We observed a negative correlation between age and Domain 2, in other words, the older the subject the lower their score in psychological domain. At present, there is no consensus regarding this relationship, as different studies have reported contrasting results. The presenting results are similar to that of other studies.[25]
[26]
We found a correlation between Question 2 (How satisfied are you with your health?) and all of the domains from the WHOQOL-Brief. This correlation has also been observed in other studies, which stated that general health includes physical, psychological, environmental, and social aspects, all of which are important for independence and autonomy in elderly groups.[27]

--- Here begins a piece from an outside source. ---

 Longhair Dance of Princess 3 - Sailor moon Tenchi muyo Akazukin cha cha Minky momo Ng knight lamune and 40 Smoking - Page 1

In elderly people, the physical, mental, and environmental aspects which determine a good quality of life were shown by the correlation between Question 1 (How would you rate your quality of life?) and domains 1 (physical), 2 (psychological), and 4 (environment). This correlation has also been reported by other studies.[25]
[28]
As well presented, the question 1 and 2 are correlated subjects, but not similar. We did not expect our sample to show close answers. Our hypothesis is that this event could be explained by the link between quality of life and health, which often appear synonymous because these questions are assessed almost simultaneously. Other studies have suggested this as well.[29] Such studies indicate that quality of life is connected to the individual's perception of their health status and to general aspects of their life. Our statistical analysis showed that volunteers perceived good health and quality of life to be similar.
We found a negative association between Question 1 and fall frequency. The volunteers who reported a good quality of life experienced fewer falls, a result which concurs with other studies.[30]
[31] We believe that fall frequency is an important factor to consider when assessing dependency and quality of life.
For Question 1, 72.7% of volunteers who had reported a fall also reported good quality of life. There was a misperception of the volunteers about their welfare, since that which related to falls did not affect their judgment of their quality of life. Previous research showed that falls affect quality of life of those prone to falls.[17] The same pattern was observed for the second question (54.5%), indicating that social, environmental, and psychological aspects may have influenced the perception of the subjects. We observed that high scores in other questions affected the importance of fall events, especially when they were sporadic.
A considerable percentage of our sample reported good quality of life and satisfaction with their health, in addition to balance complaints. This led us to believe that positive responses did not follow the same pattern as other studies, some of which showing that complaints and gait disorders directly affect quality of life and health.[32]
The quality of life is determined by an individual's self-perception, therefore, it is subjective. Various factors are considered including lifestyle, expectations, motivations, and psychological state.[2]
[5] This subjectivity and range of factors allow for mixed results, for example, two subjects with the same disease which respond differently to questions regarding their quality of life and health. Therefore, we believe that dizzinesś complaints do not influence an individual's self-perception of their quality of life and health.
Conclusion
In this study, we found that the quality of life and health of elderly people was adequate in the presence of complaints and gait disorders, which was unexpected. According to the WHOQOL-Brief, the quality of life of the subjects was either good or very good, even when a considerable percentage reported falls and gait disturbances. Gender and age did not affect quality of life assessment or DGI, neither were these factors associated with falls.